**EXERCISE BRIEF**
Copy the lines of the data below exactly, starting at the first and stopping after the line that contains "A group of young"; include no pictures.

**DATA**
--------

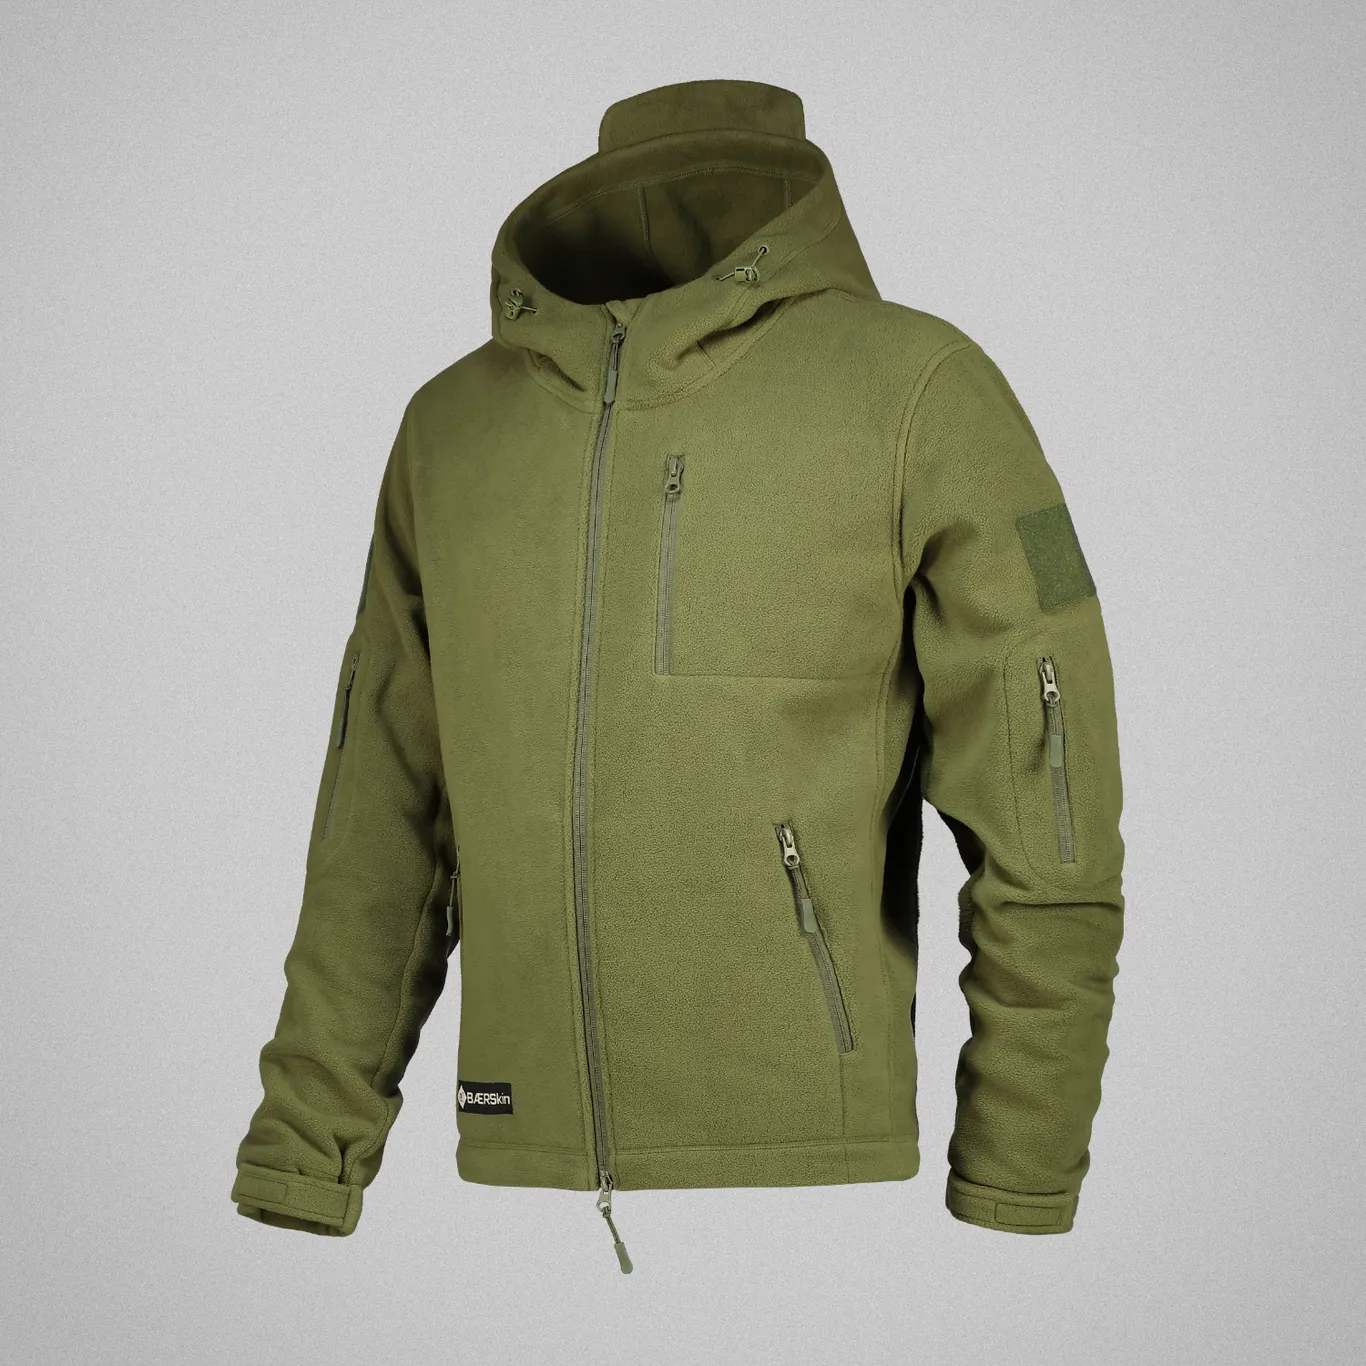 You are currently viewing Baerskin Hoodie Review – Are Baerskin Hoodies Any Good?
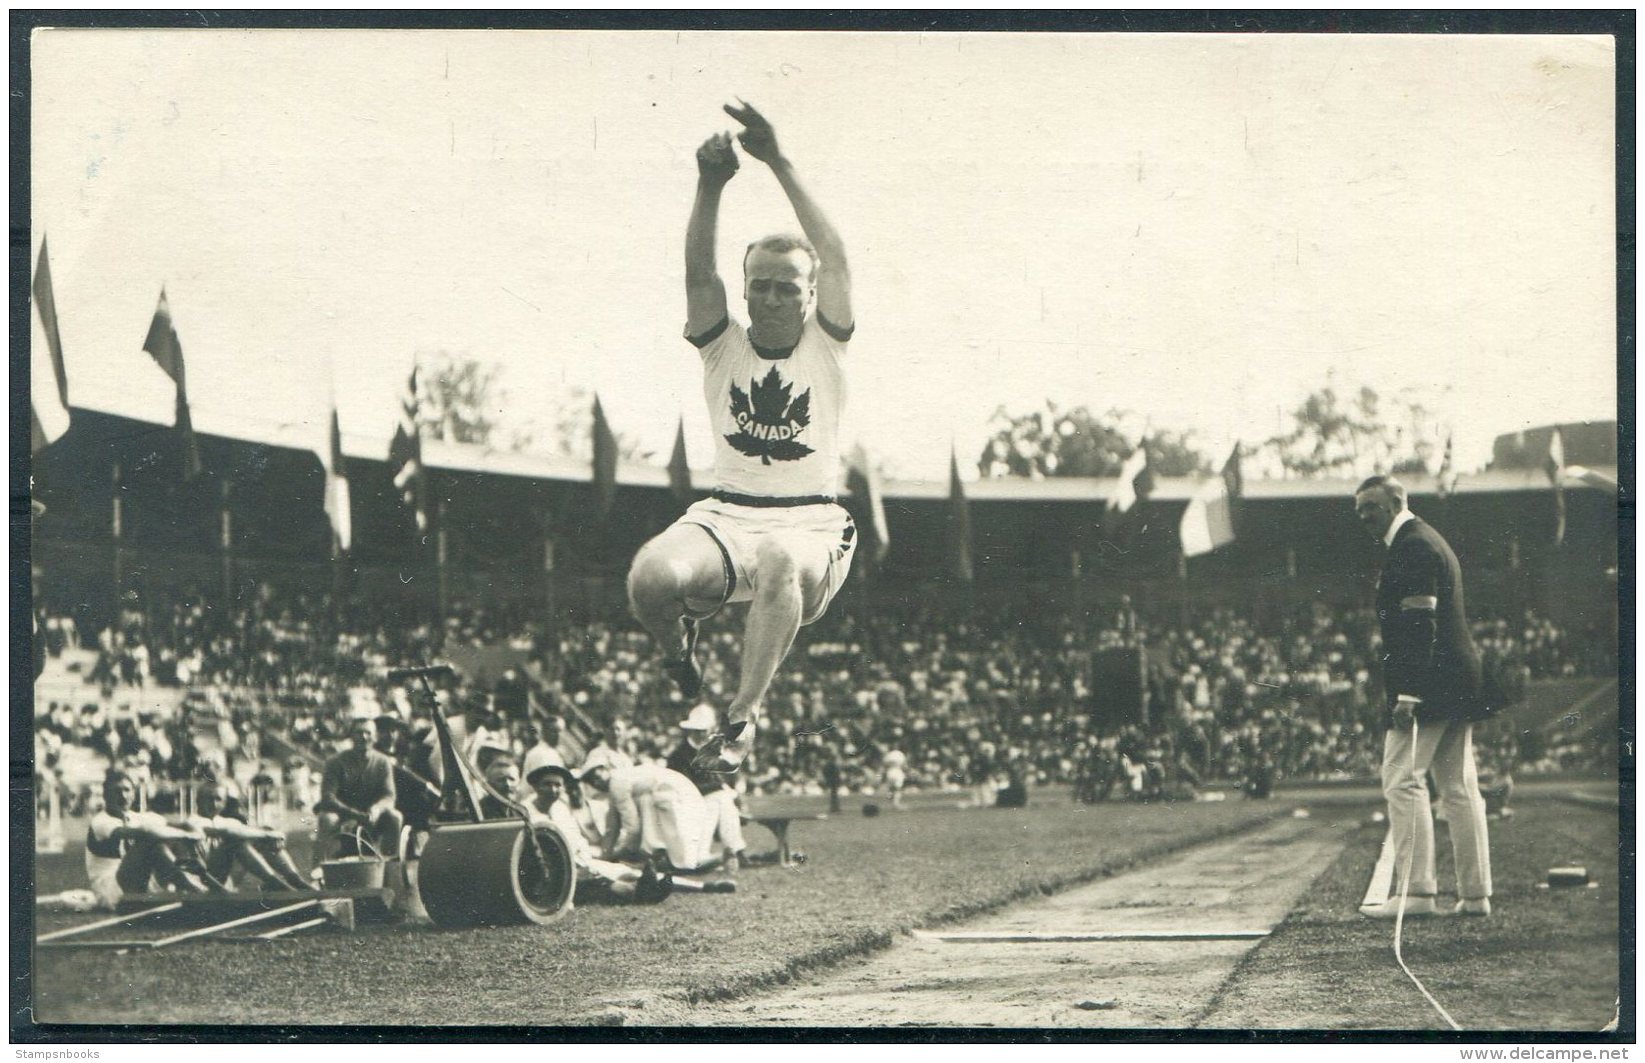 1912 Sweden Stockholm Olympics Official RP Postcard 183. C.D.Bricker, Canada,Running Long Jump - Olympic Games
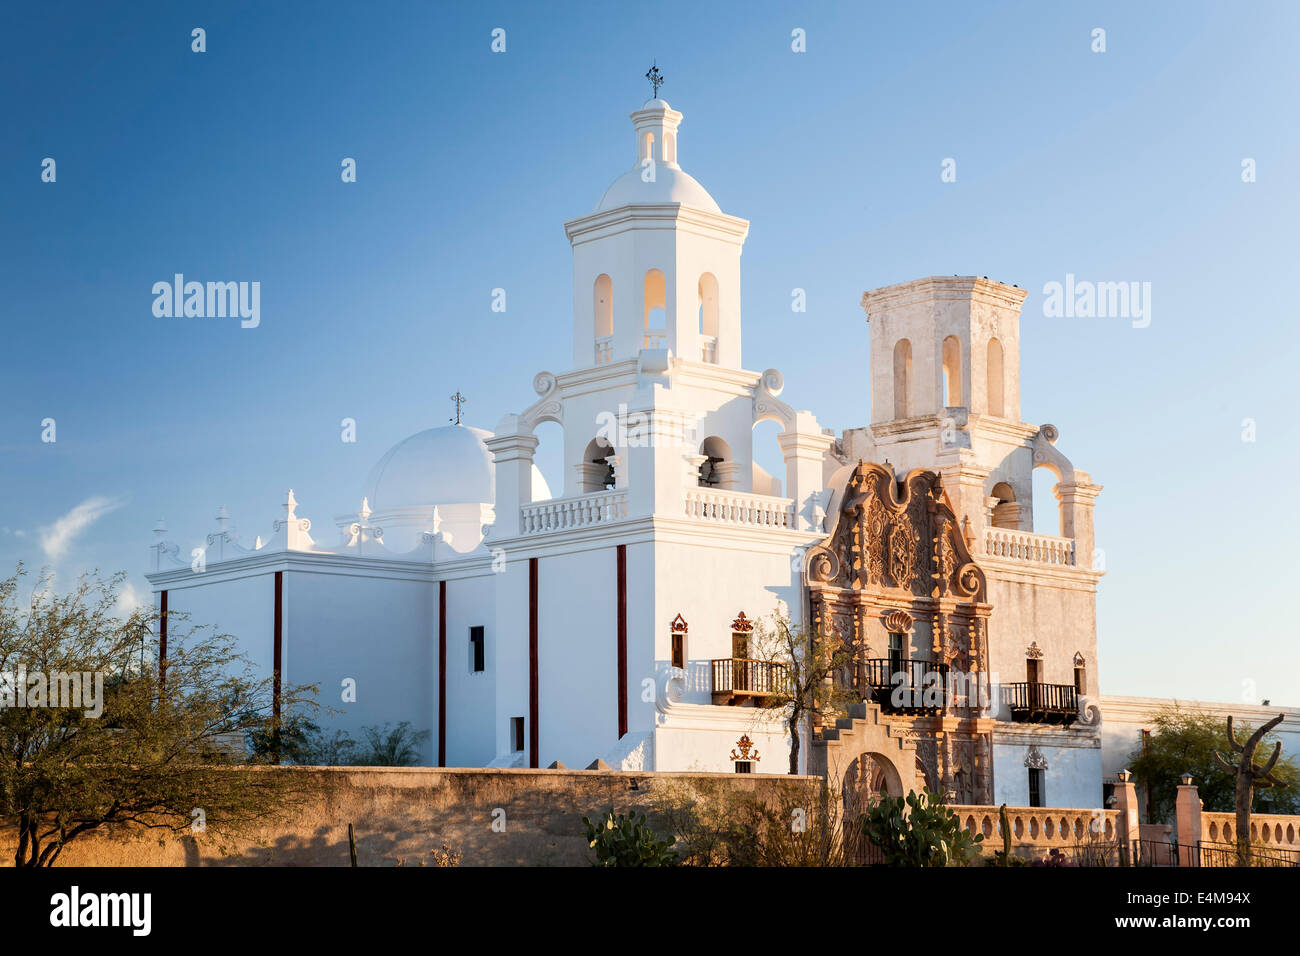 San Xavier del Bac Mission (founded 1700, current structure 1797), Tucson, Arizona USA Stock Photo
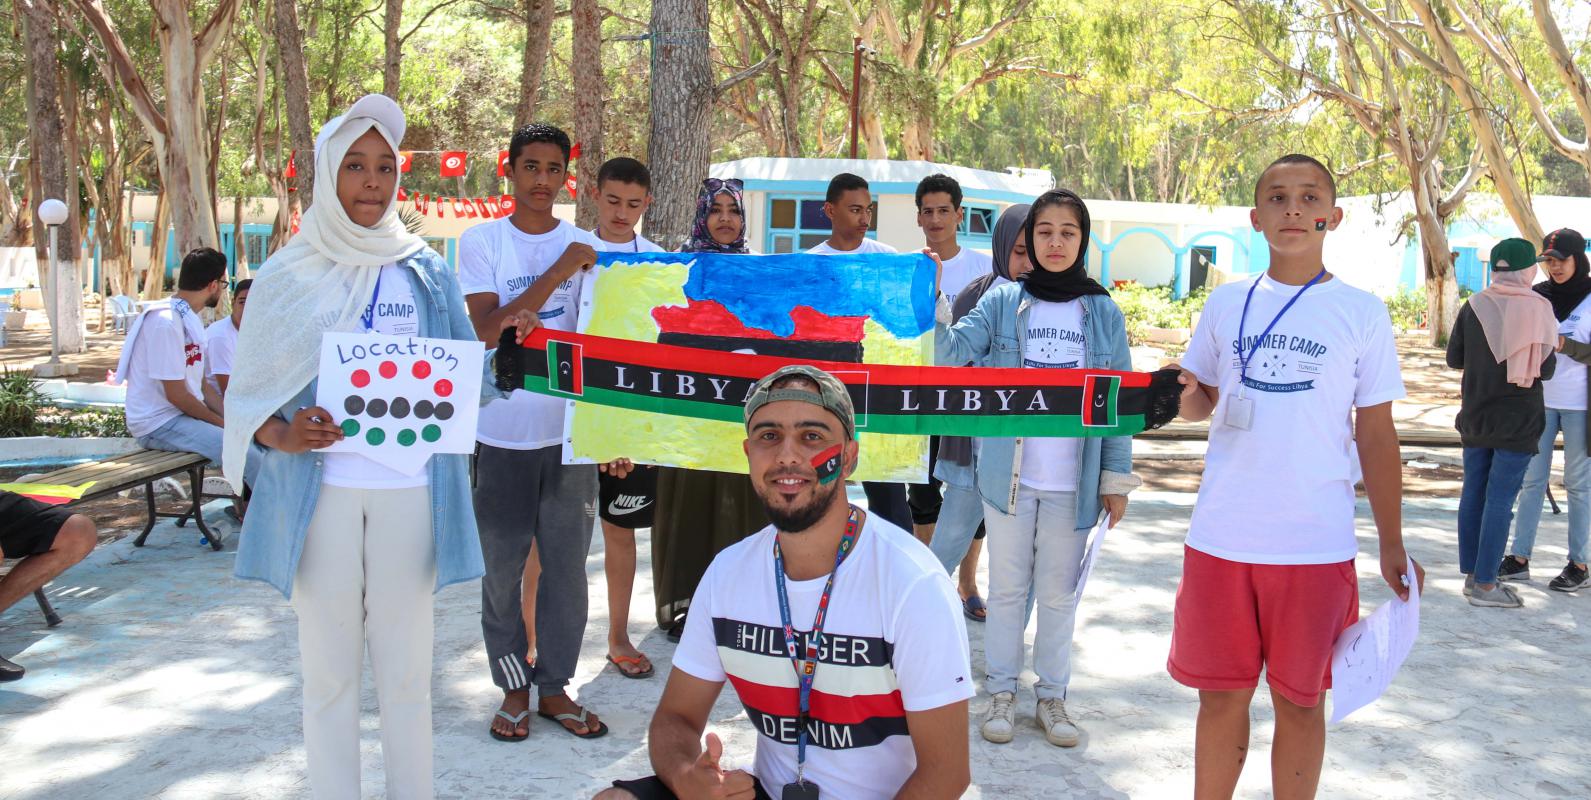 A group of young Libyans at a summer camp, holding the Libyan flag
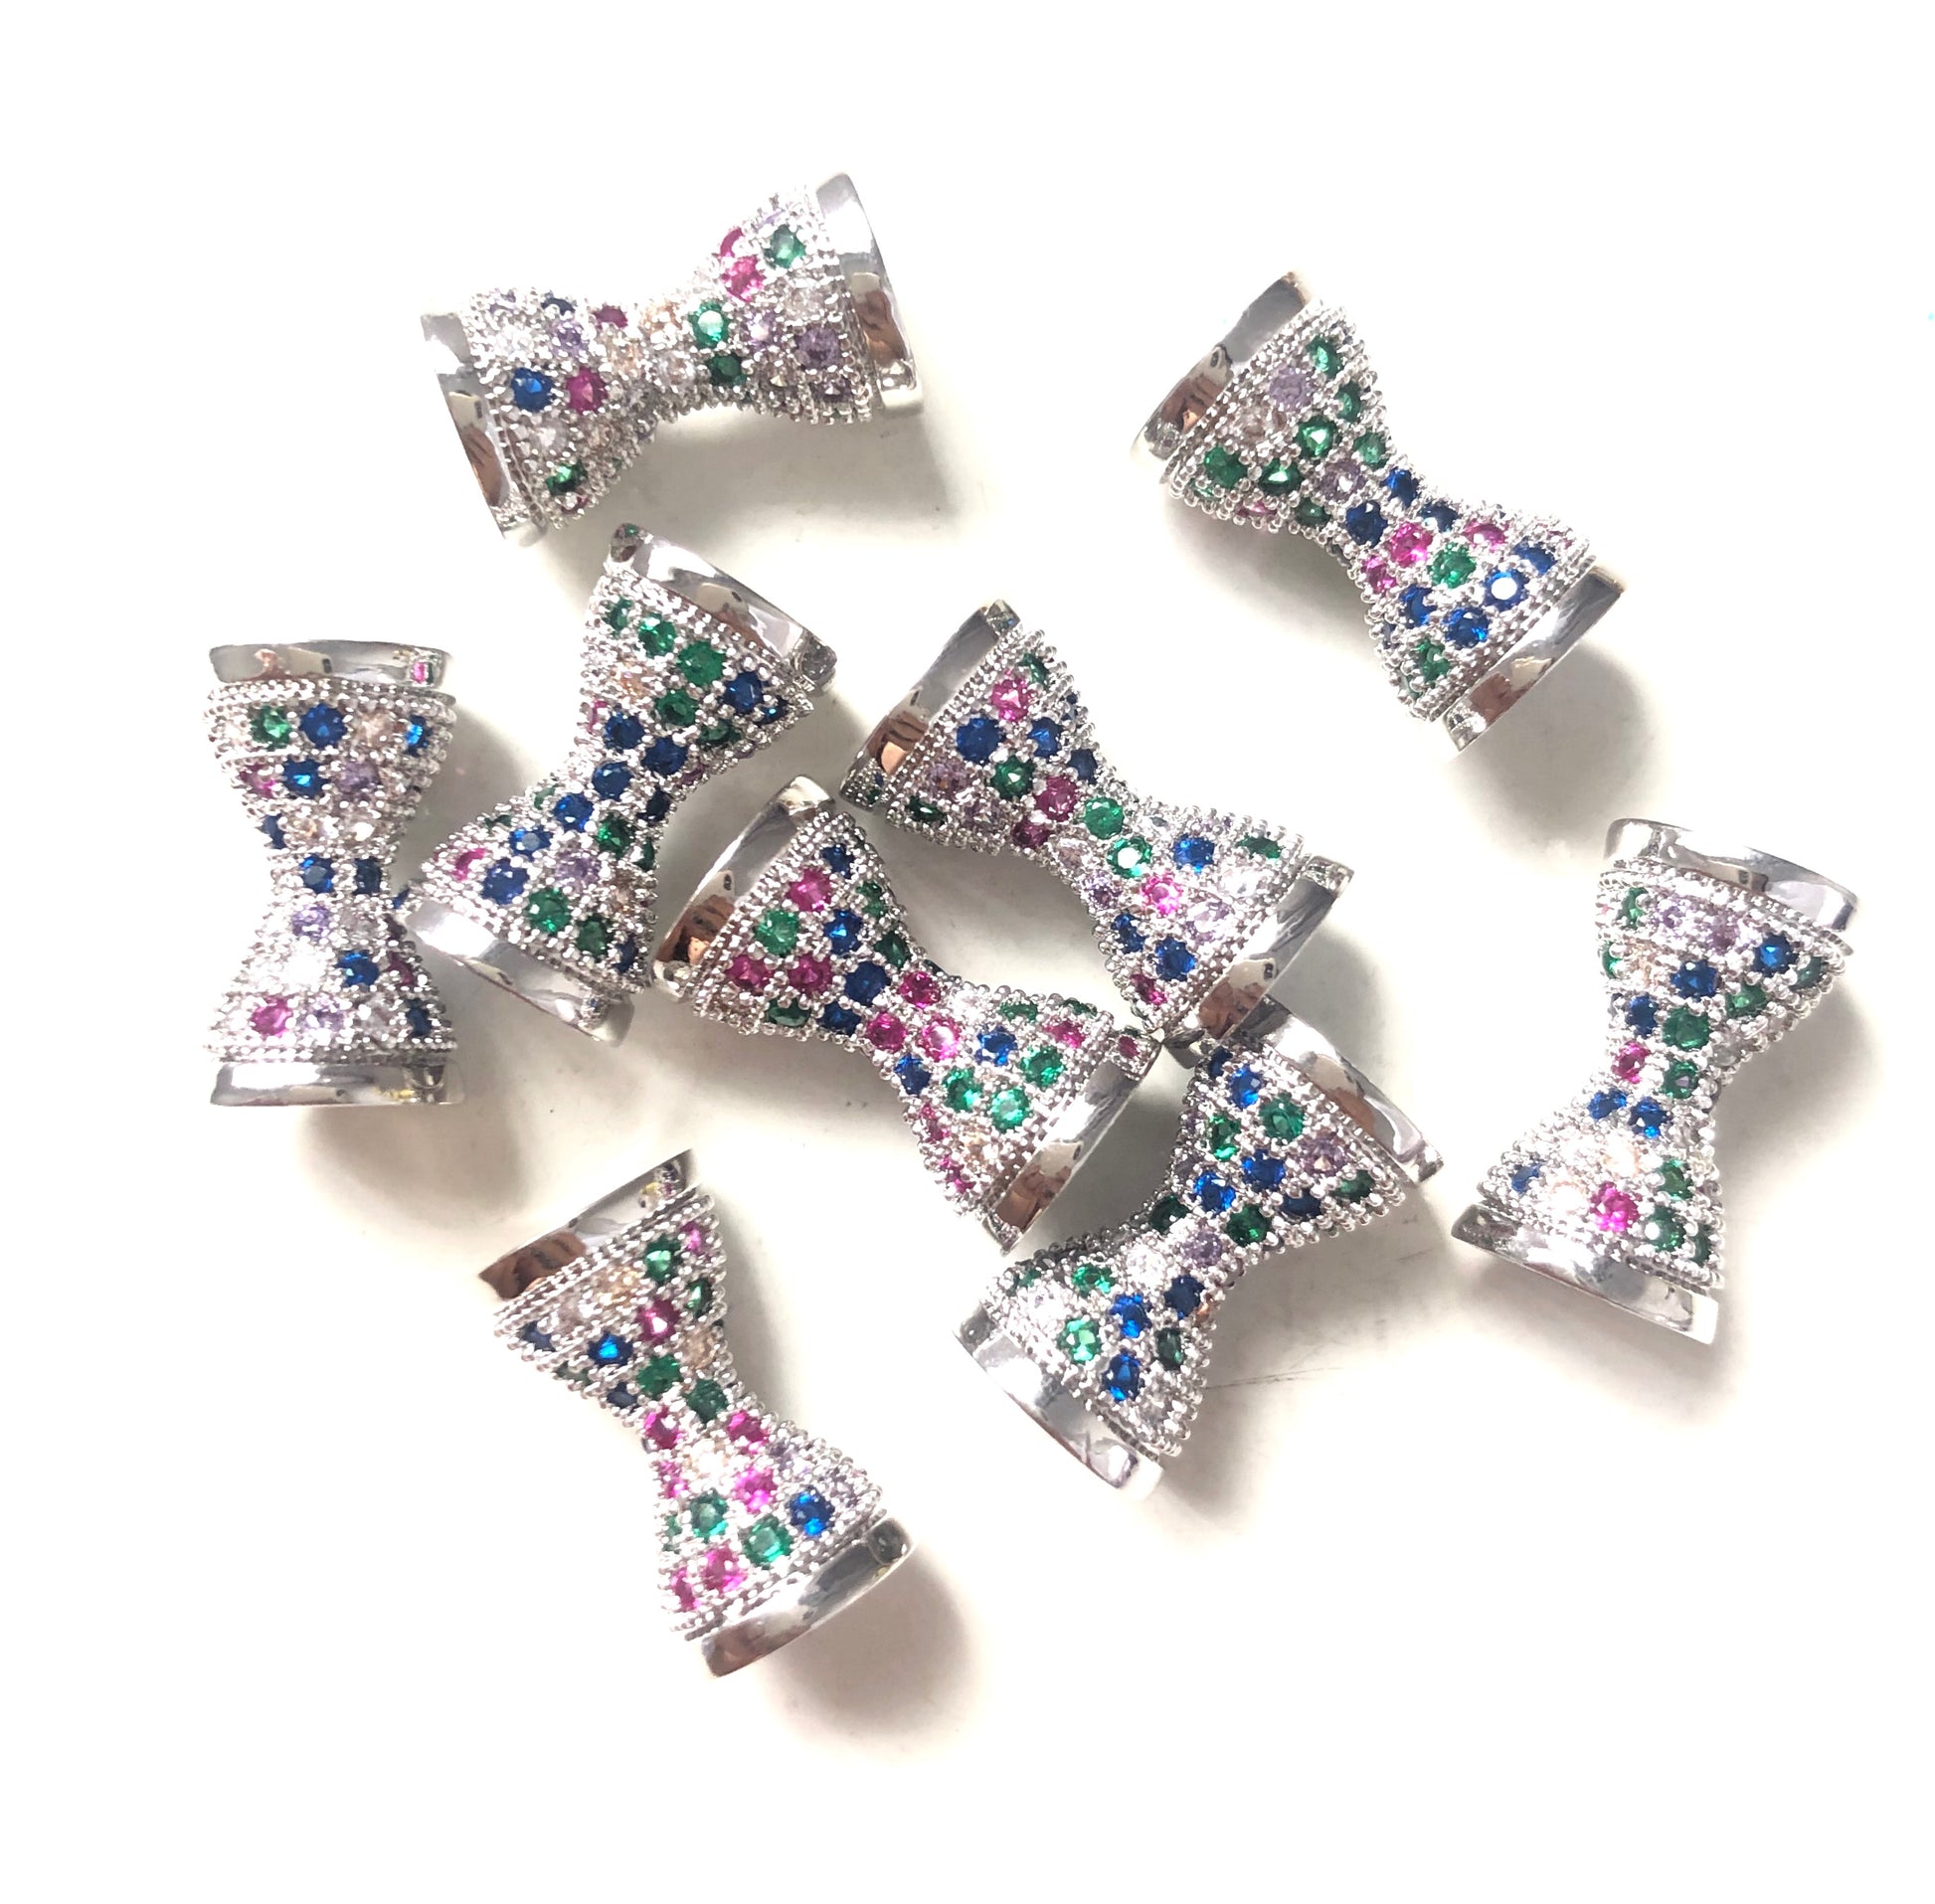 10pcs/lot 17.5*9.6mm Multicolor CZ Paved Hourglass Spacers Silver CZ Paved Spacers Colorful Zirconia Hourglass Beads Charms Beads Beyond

--------

**RESPONSE AREA**
 You are currently viewing Baerskin Hoodie Review – Are Baerskin Hoodies Any Good?
 1912 Sweden Stockholm Olympics Official RP Postcard 183. C.D.Bricker, Canada,Running Long Jump - Olympic Games
 San Xavier del Bac Mission (founded 1700, current structure 1797), Tucson, Arizona USA Stock Photo
 A group of young Libyans at a summer camp, holding the Libyan flag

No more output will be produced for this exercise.